Quando nossos olhares se cruzavam, havia um segundo de reconhecimento e algo mais, uma lembrança silenciosa compartilhada.
— E aí — Rodrigo dizia, se aproximando com naturalidade.
— E aí – eu respondia, automaticamente.
Conversávamos sobre coisas simples: escola, planos para a faculdade, a cidade que nunca muda e ao mesmo tempo muda demais. Mas por baixo da conversa banal corria outra camada, uma memória sem forma, uma energia antiga que nenhum dos dois nomeava.
Eu já não era o garoto assustado do recreio. Depois de tudo o que vivera, havia em mim uma maturidade que não vinha da idade, mas das quedas. Eu já não idealizava homens inalcançáveis. Já não projetava salvação em figuras mais velhas. Depois de tantas tentativas de me entender através de homens que pareciam sempre um pouco acima, um pouco além, Rodrigo reapareceu com a naturalidade de quem nunca foi embora.
E ali estava Rodrigo. Não como fantasia adolescente. Não como lembrança embaraçosa. Mas como possibilidade real. Não era uma fantasia inalcançável como os rapazes mais velhos que eu costumava idealizar. Era concreto. Próximo. Possível. E o possível assusta mais que o impossível.
A aproximação aconteceu devagar. Mensagens ocasionais. Um convite para sair. Uma caminhada pela praça ao entardecer. Havia cautela dos dois lados. Como se ambos soubéssemos que estávamos mexendo em algo antigo, não perigoso, mas delicado.
Às vezes, no meio da conversa, surgia um silêncio carregado. Um daqueles silêncios que não são vazios, mas cheios demais. Eu percebia que não sentia mais medo como antes. Sentia expectativa. E isso, para mim, já era uma revolução.
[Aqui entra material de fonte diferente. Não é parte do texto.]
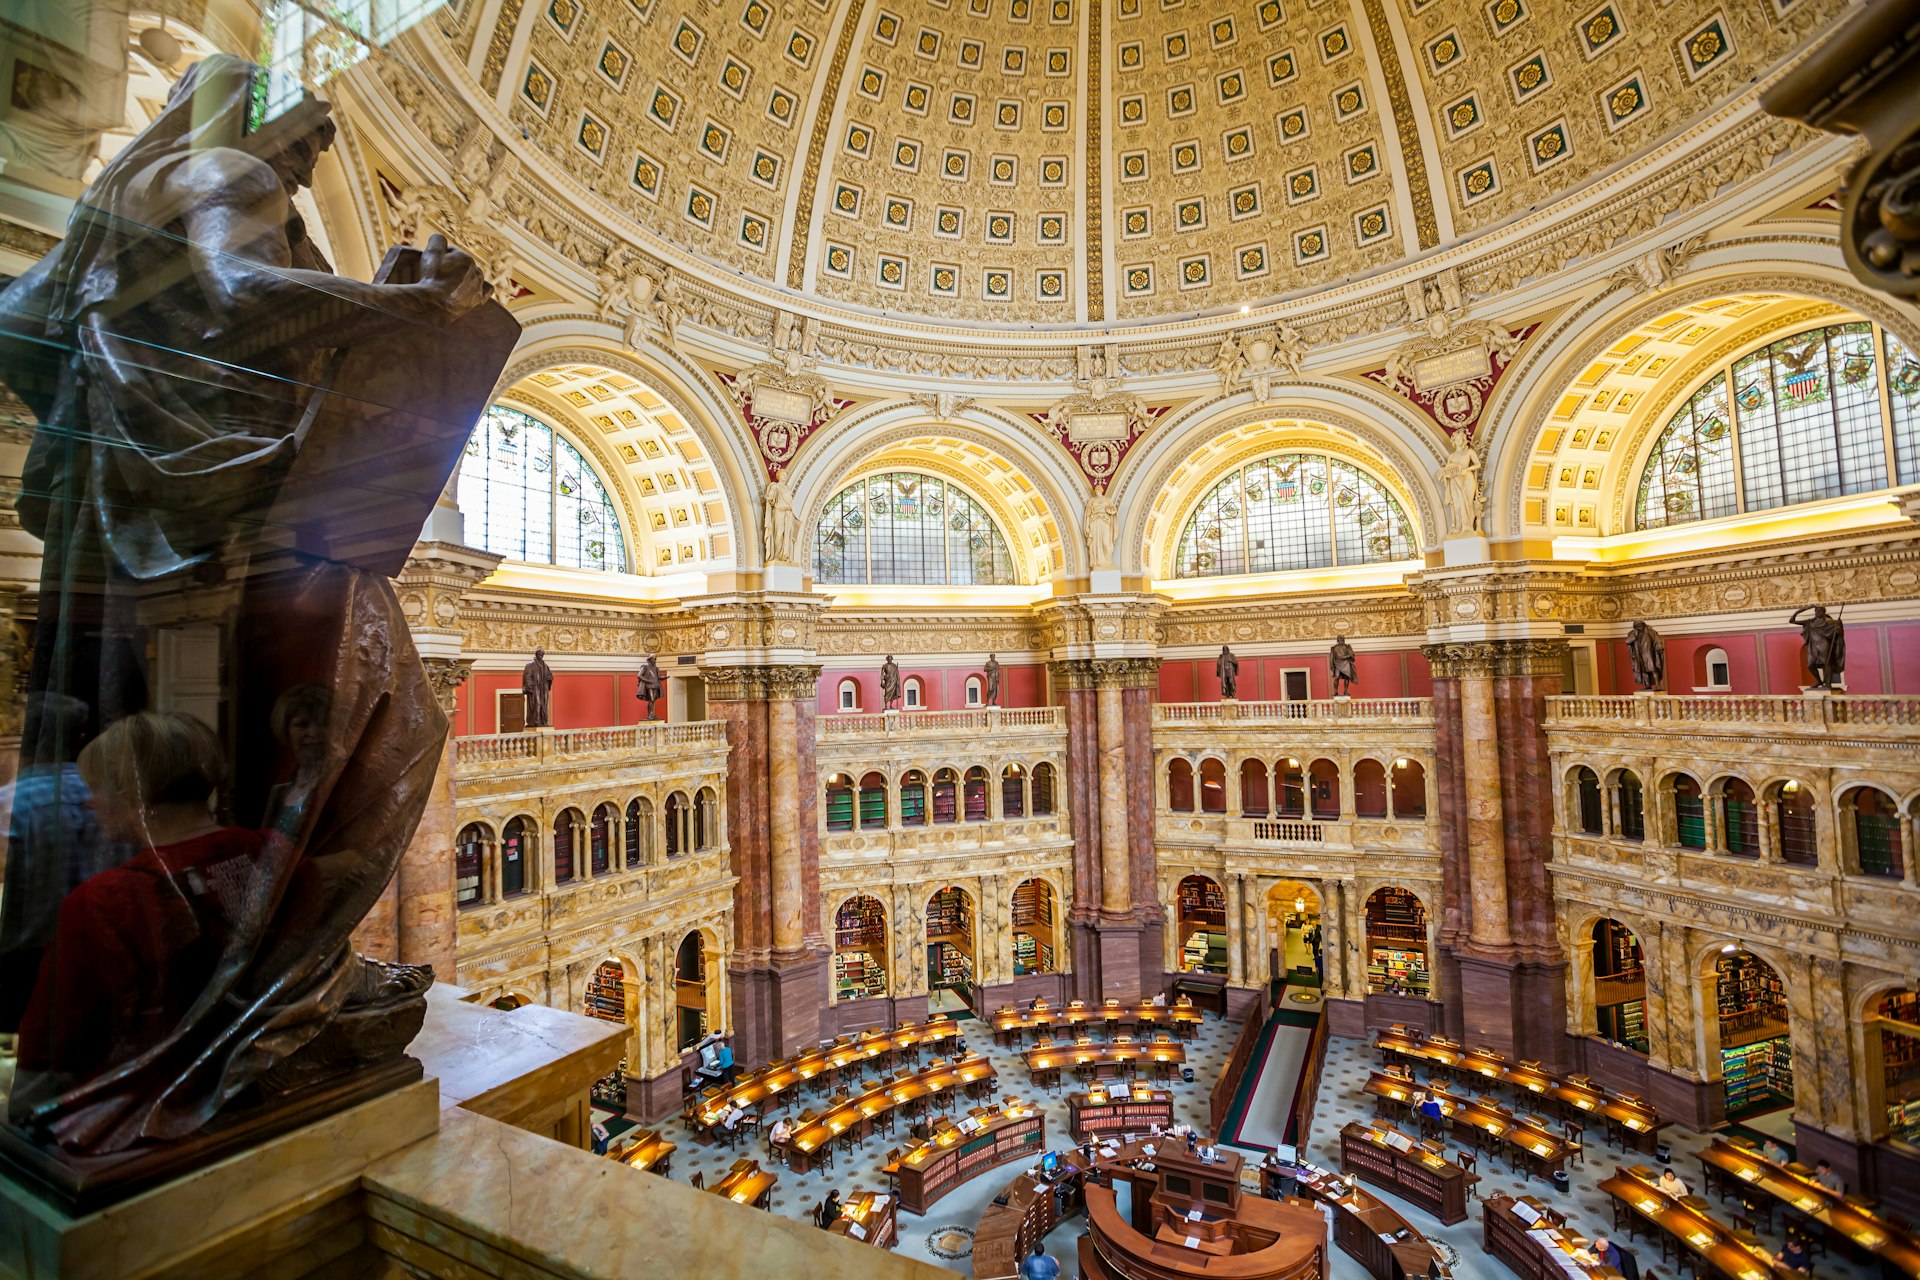 A vast reading room in the Library of Congress, with tables laid out in a circular format

Porque, pela primeira vez, o desejo não vinha acompanhado de culpa esmagadora ou idealização desesperada. Vinha acompanhado de curiosidade serena. E talvez, apenas talvez, Rodrigo sempre tivesse estado ali não como um erro do passado, mas como uma pergunta que só agora eu estava pronto para responder.
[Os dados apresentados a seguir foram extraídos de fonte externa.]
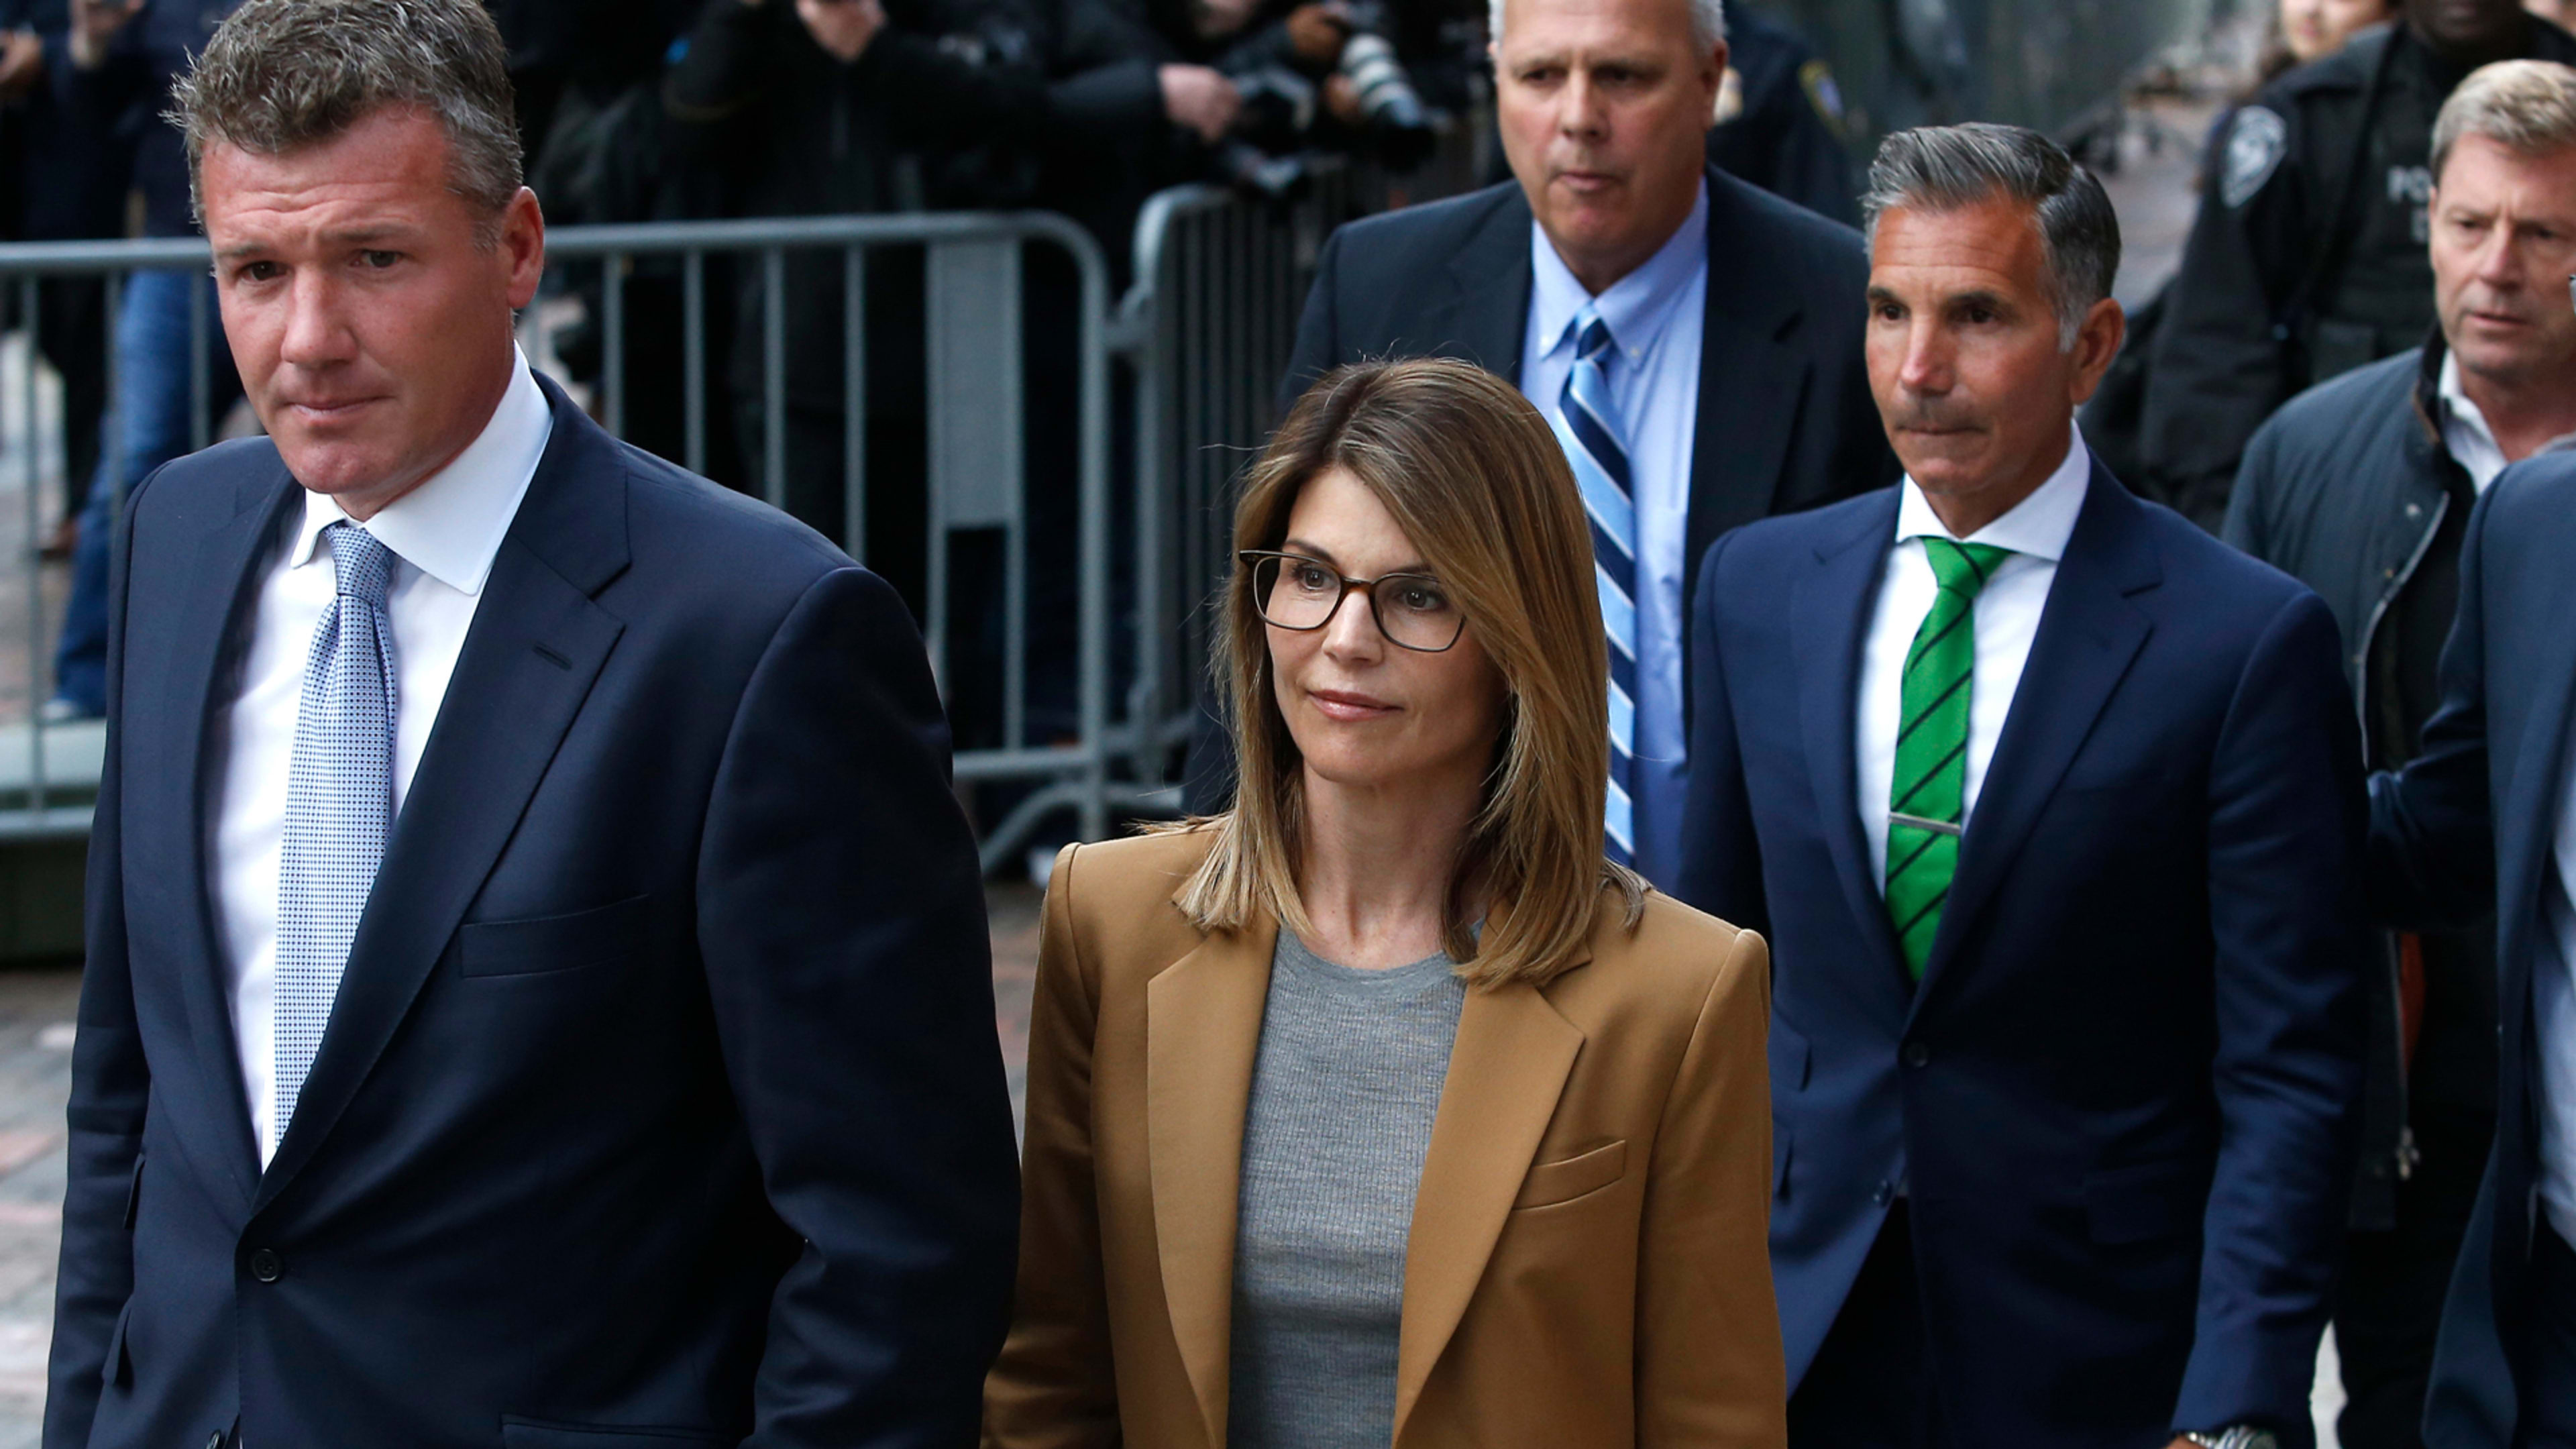 Lori Loughlin pleads not guilty in college admissions scandal

Enquanto caminhava de volta para casa, percebi que meu interesse não vinha mais daquele lugar ansioso que buscava validação em caras mais velhos e problemáticos. Não era idealização. Não era deslumbramento. Era curiosidade adolescente, pura e simples.
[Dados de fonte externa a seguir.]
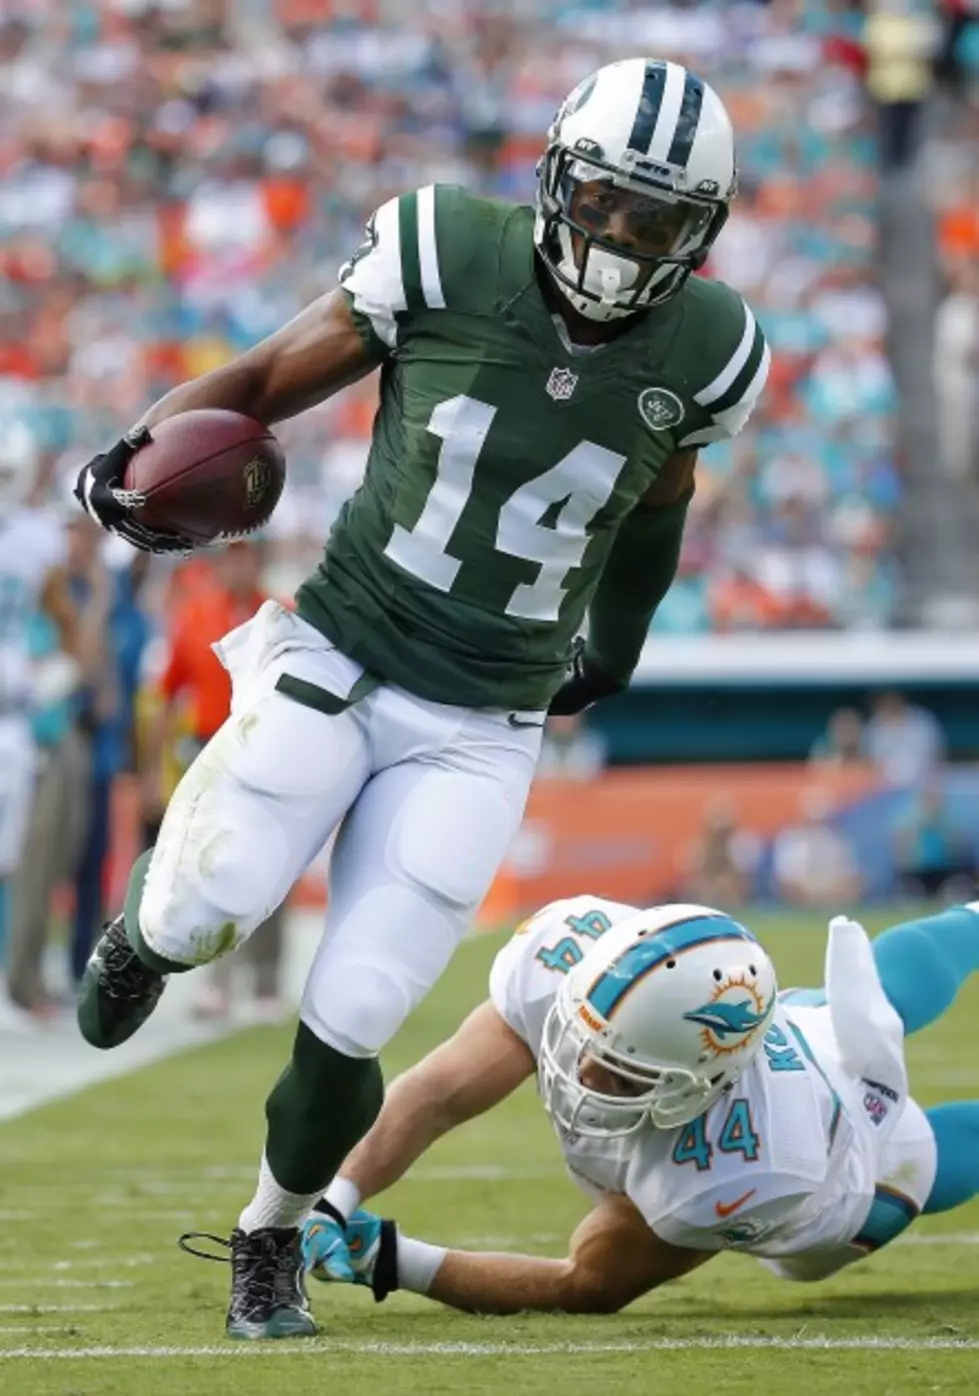 New York Jets Chris Owusu Shows Off Ridiculous Jumping Ability [VIDEO]

Havia ainda insegurança, claro. A velha pergunta: “E se eu estiver entendendo errado?” Mas havia também algo novo: a possibilidade de simplesmente descobrir. Sem pressa. Sem culpa ecoando no fundo. Sem a necessidade de provar nada para ninguém.
Rodrigo sempre estivera ali. Talvez agora, finalmente, eu estivesse pronto para realmente o enxergar.